Arriving in Brasilia can be an overwhelming experience. Apart from

Arriving in Brasilia can be an overwhelming experience. Apart from the Oscar
Niemeyer pieces that structure the city like the halls of a vast museum, it feels like
everything is designed to prevent you from getting your bearings: the abstract
address system, the same layout used at each and every roundabout, the identical
blocks that are identically confusing. Coming here makes you realise how culturally
specific getting to know a city actually is; wandering through the streets, stumbling
across little squares or back alleys, seeing a park open out in front of you – all of
these things are only possible in a city that has developed as organically as how you
then explore it. In Brasilia, you can never forget that everything has been planned,
the only way to discover it is to make your own plan for doing so.
It was thus all the more surprising to find out that Brasilia was actually built on a
dream, or rather that a dream was used to justify its construction in the first place. In
the late 19th Century, nearly 80 years before constructions began, a Italian priest
called John Bosco had a dream, just one of the many prophetic dreams this later
saint came to be known for. The dream was little more than a series of vague images,
a description of a location on the plains between a isolated mountain range and virgin
forest where the soil held incomparable riches – precious metals, petroleum deposits,
huge quantities of coal. Despite the lack of any specific details, this dream was later
subjected to enough interpretation over the decades to form one of the justifications
for building Brasilia. We found out about this dream after we’d been in Brasilia for a
while and were gradually visiting the various places people had recommended we
see, which included the Santuário Dom Bosco, a church dedicated to Bosco right in
the middle of the city, and the Parque Ecológico Dom Bosco, a lakeside park with a
white obelisk that also commemorates the role of the saint in the creation of the city.
It felt strange to think that this hyper-planned city had theoretically taken its
inspiration from something as intangible as a dream, although as we thought about it
more, we realised how much that actually made sense. Dreams are perfectly elastic
things, you can bend them in whatever direction you like and they won’t break, which
is probably why those behind Brasilia drew on Bosco’s dream in the first place. In a
place without history, what better justification is there than the blessing of a saint,
even if a certain degree of stretching is required to achieve it? Finding this out only
added to our fascination about the city: after already having felt the plan in everything
we saw in Brasilia, somehow we couldn’t now separate anything from the dream.

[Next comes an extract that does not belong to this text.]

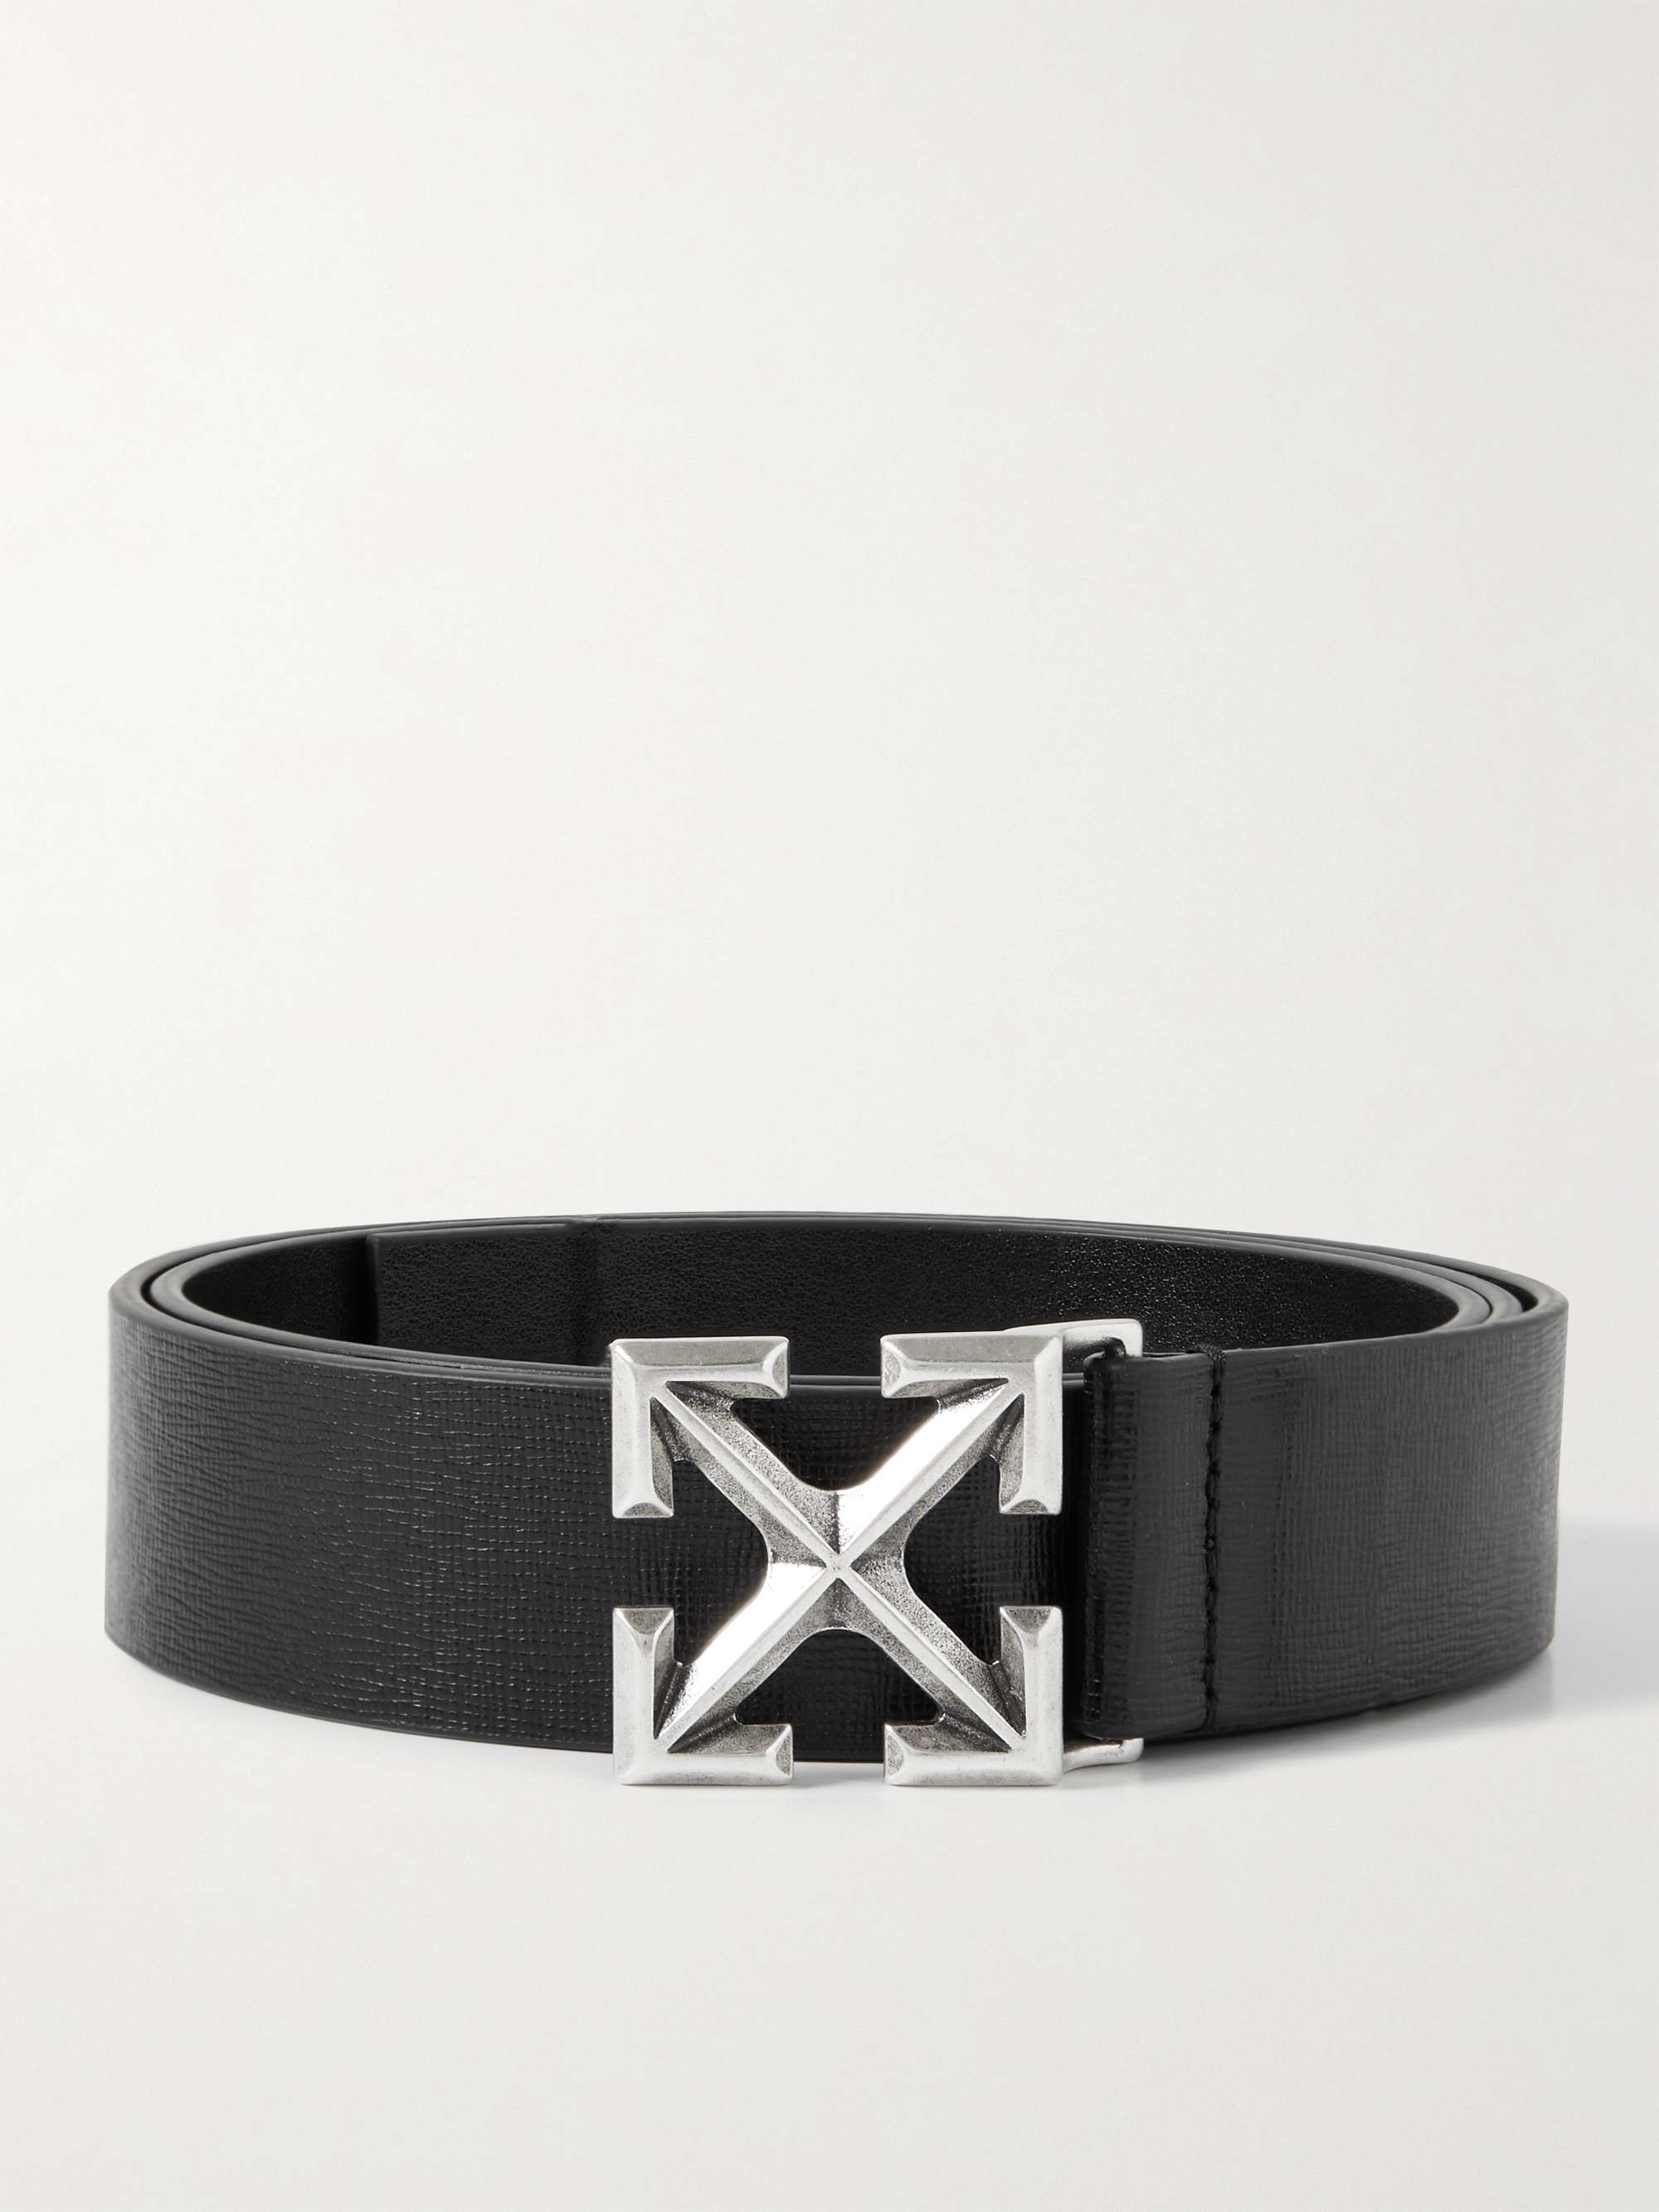 OFF-WHITE 3.5cm Cross-Grain Leather Belt for Men | MR PORTER

With this in mind, we shot in various locations across the city, all of which connected
to either the dream, the plan, or both. And in these places, it was impossible not to
relate the things we happened to capture there to everything that went into the
creation of this city. A man waving flags, a chain of ants carrying yellow petals, a map
of Brazil marked out on the asphalt: innocent gestures suddenly rendered meaningful
by our new perspective on them.
The actual reason we’d come to Brasilia was to carry out research on another city
that had both appeared and disappeared while Brasilia itself was being built. This city
was called Vila Amauri and was built by the workers constructing Brasilia as a place
to house themselves and their families. Unlike its more loftily conceived counterpart,
this city sprang up unannounced, the workers using any leftover materials from the
main construction site they could find. Over the course of a single year, houses
popped up and streets emerged, a huge expanse of wood, plasterboard and bitumen
of which only one photograph still exists, its organic disorder almost seeming like a
challenge to the perfectly ordered city materializing behind it. It was a challenge
doomed to fail, as, after just a year, the nearby dam was completed and the Paranoá
River started to rise, submerging this improvised city under a lake had been planned
all along to make sure that the new capital would not lack for water. Even Bosco’s
dream mentioned the beginnings of a lake.

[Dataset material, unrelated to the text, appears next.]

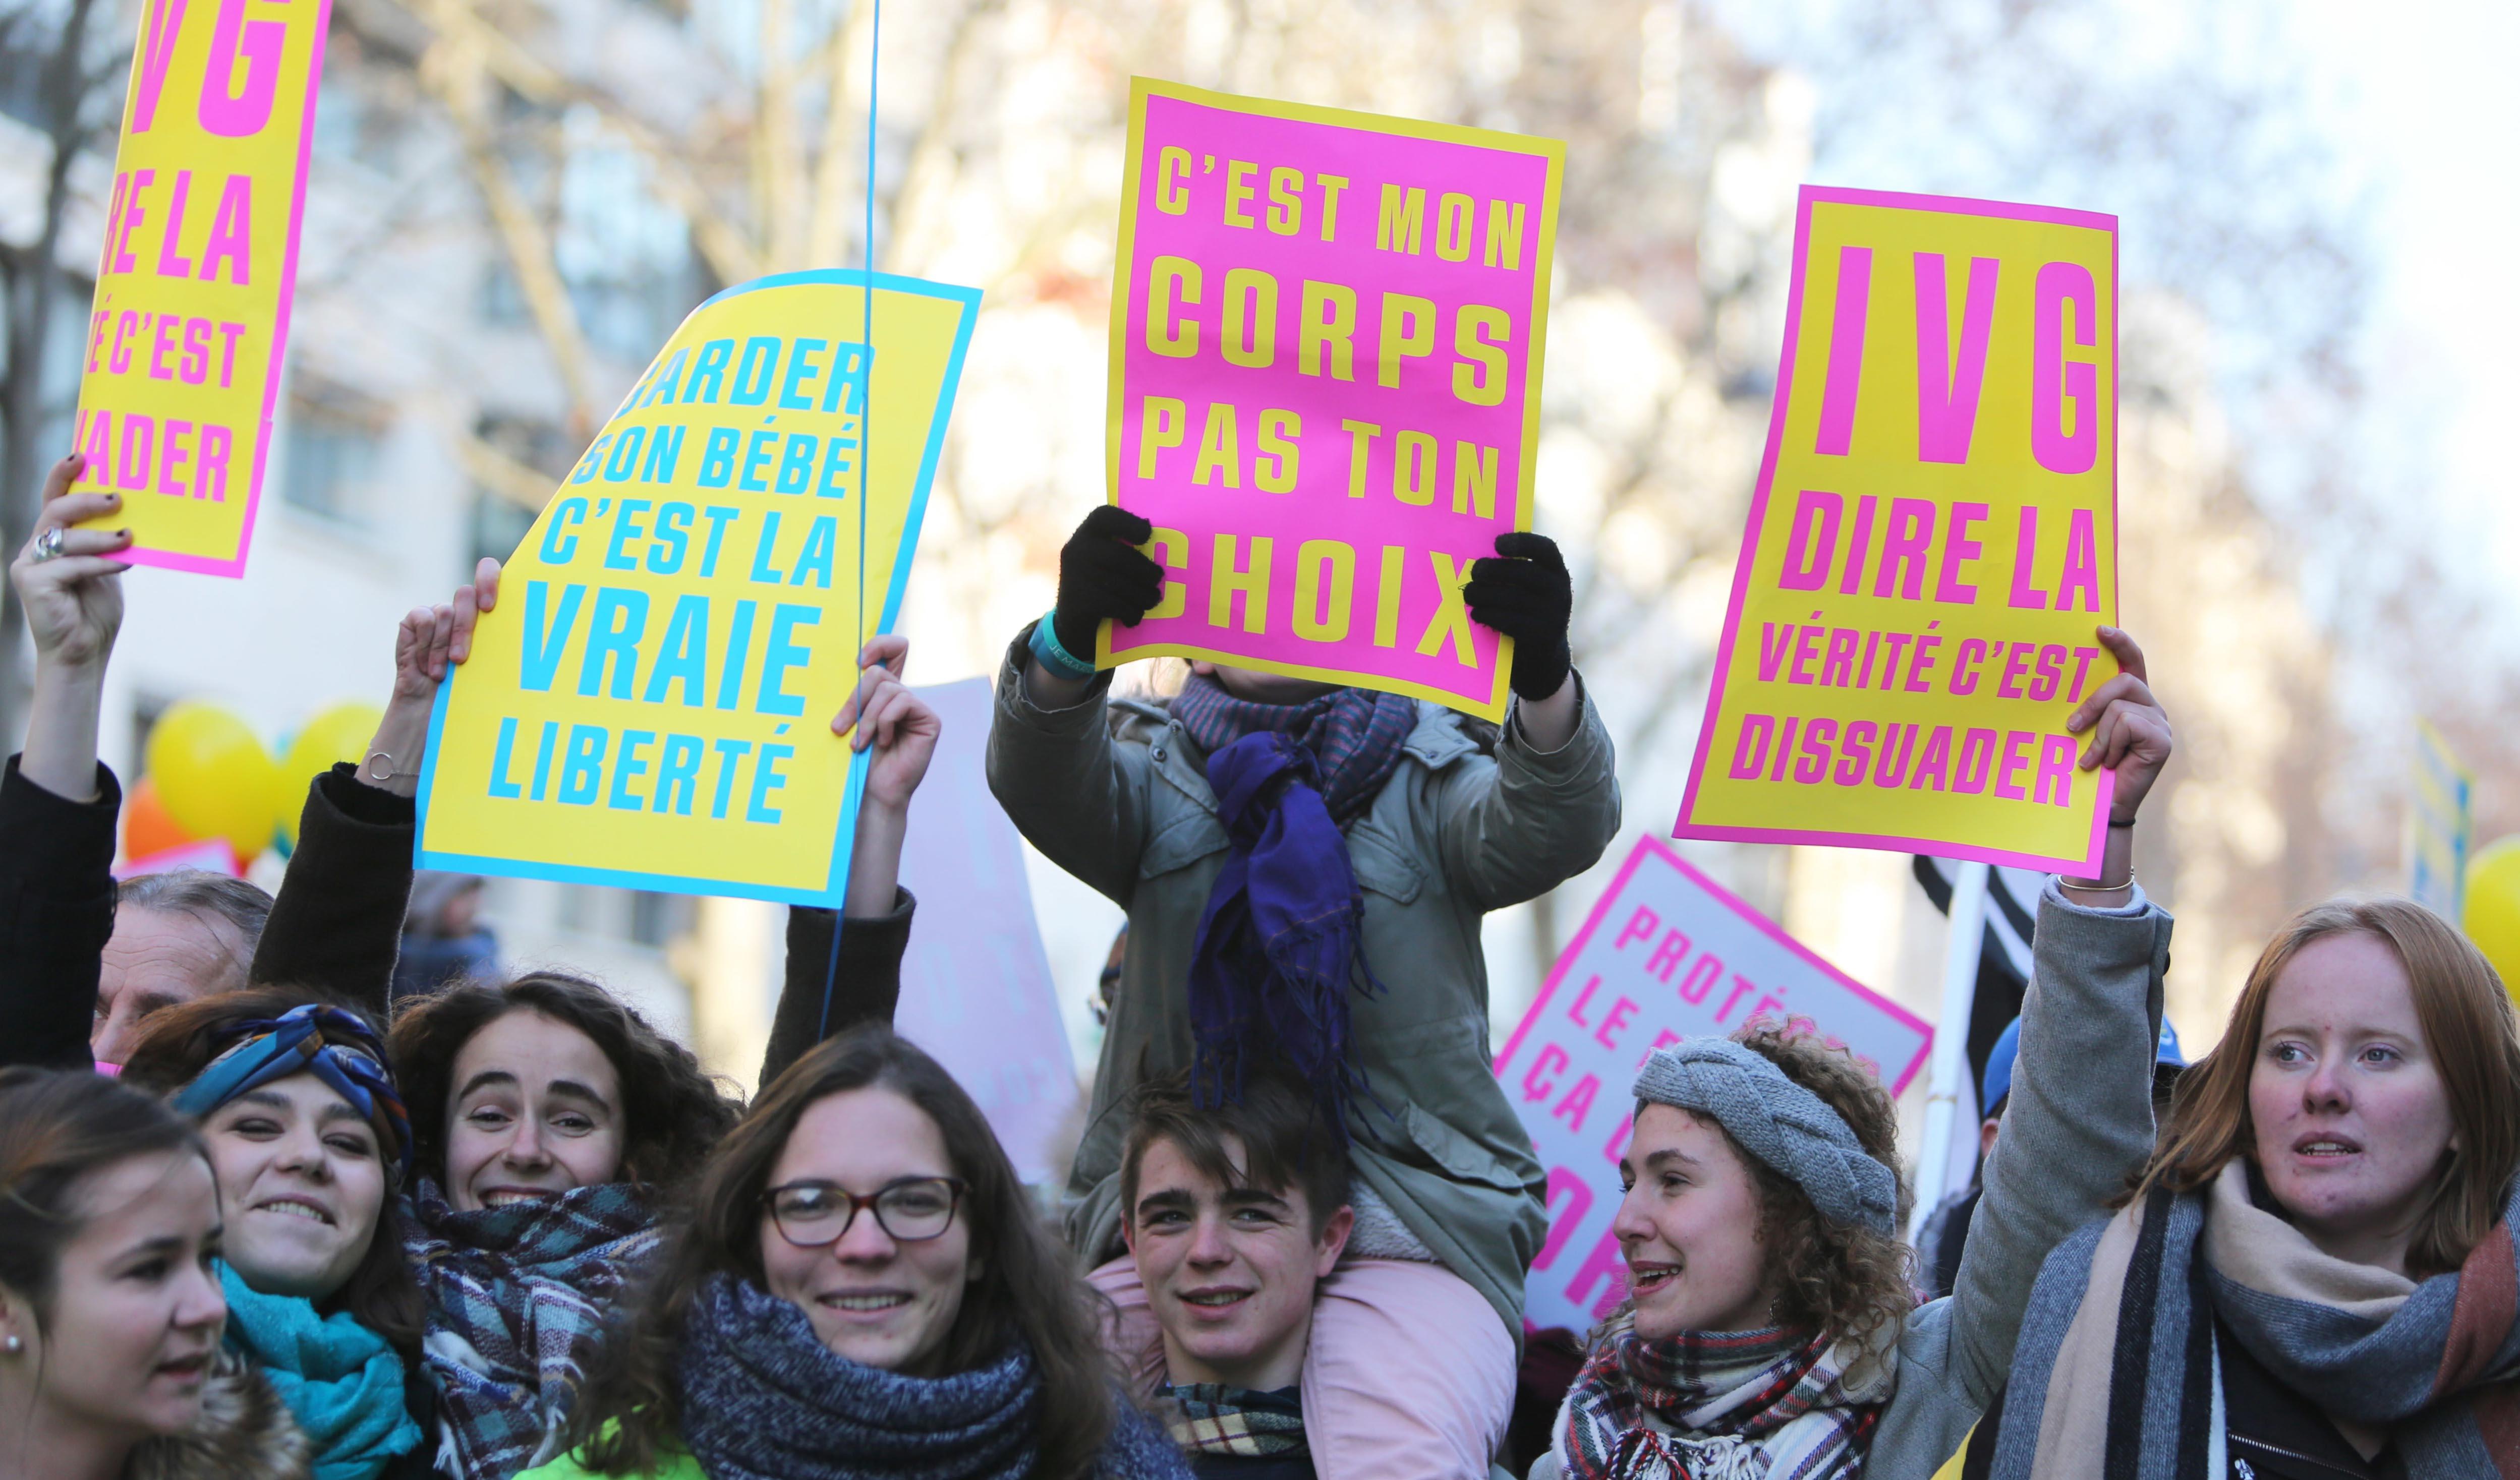 Qui A Droit à L Affouage "Droit à l'avortement pour toutes", la manifestation à ne pas louper

Another photograph was taken at the same spot just one year later, where no trace
of Vila Amauri can be seen, just a group of models on a boat, the lake and newly
inaugurated city beyond. By now, all the people that had lived there previously had
been given land to build on outside of Brasilia, founding new settlements such as
Sobradinho, Nucleo Bandeirante and Ceilandia around the new capital that came to
be known as satellite cities. It was as if all the planning that went into Brasilia should
not be tarnished by disorder, as if disorder and its agents were only fit for the bottom
of a lake or places far enough away to not disturb all the pre-planned symmetry.

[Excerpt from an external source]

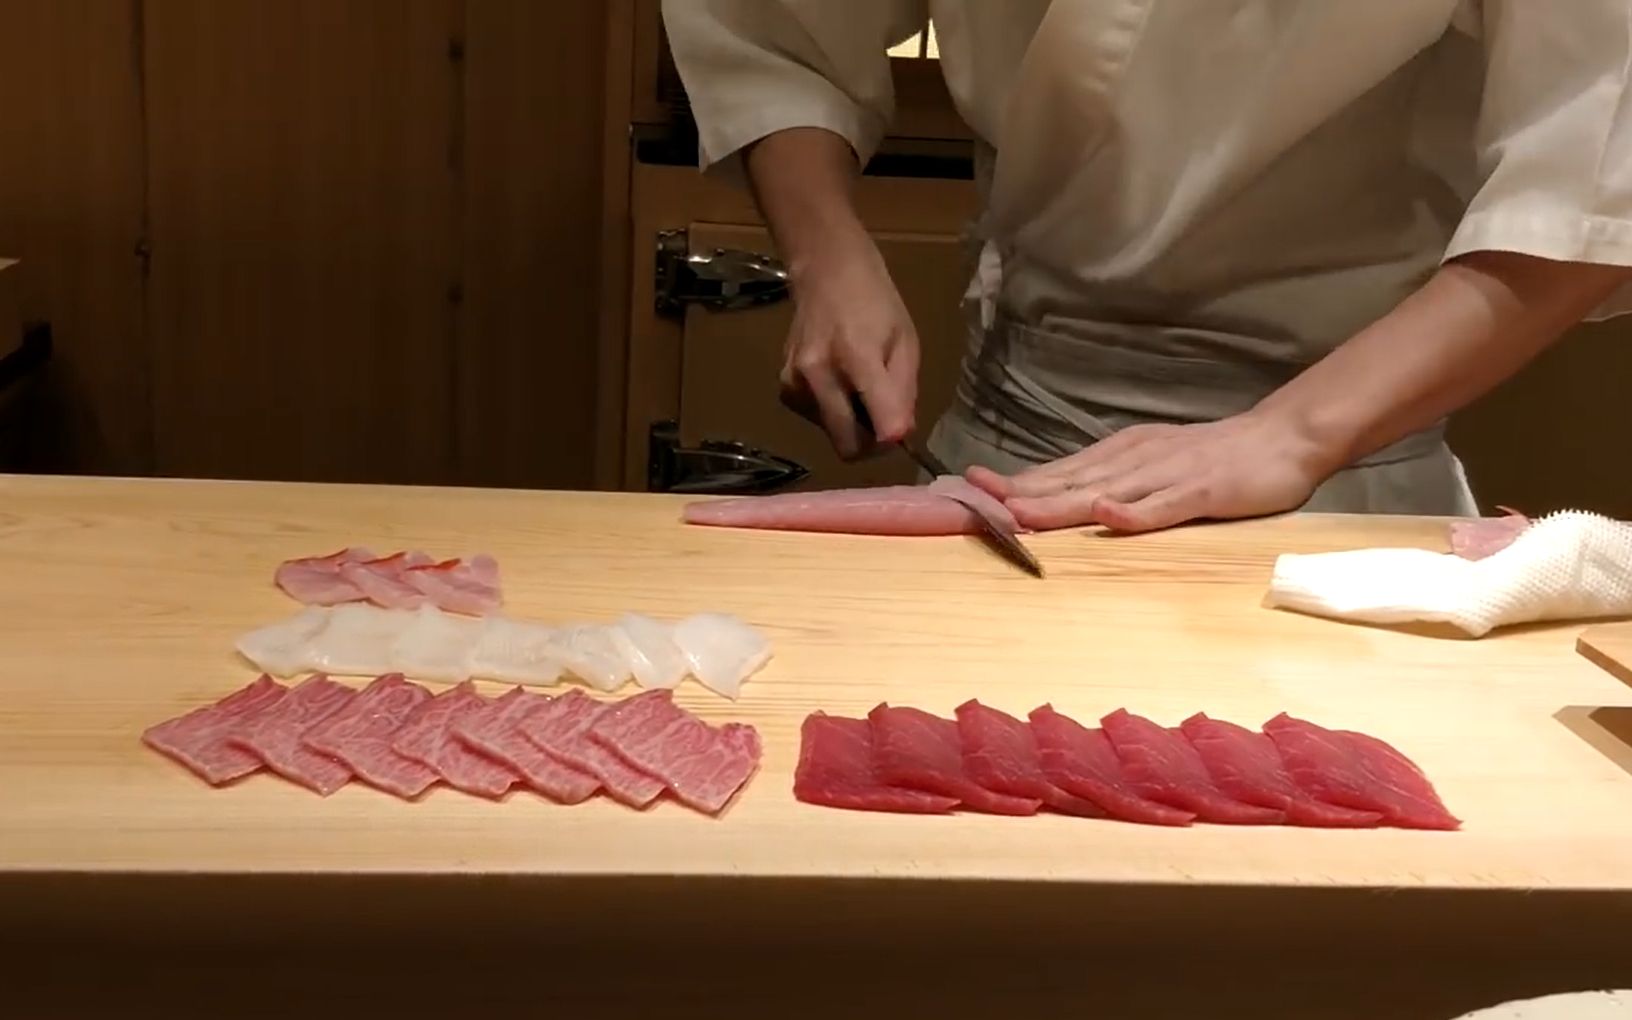 高端日本料理 - 日本米其林三星大厨Kobayashi（小林）现场奉献令人惊叹的美味日料！

After having filmed so many places that seemed to unwillingly encapsulate the order
on which Brasilia is built, we felt it necessary to counter them with something that
embodied disorder, to balance out all the perfect grooming with some carefree
disorganisation. When plans are often all-encompassing, there’s something
comforting in the idea that they’ll always be something left behind which the planners
never planned for. The underwater footage of the remains of Vila Amauri and the
photos of that strange period between the plan and its execution bear testament to
the fact that even if such surplus is kept out of sight, you can’t ever say it wasn’t there.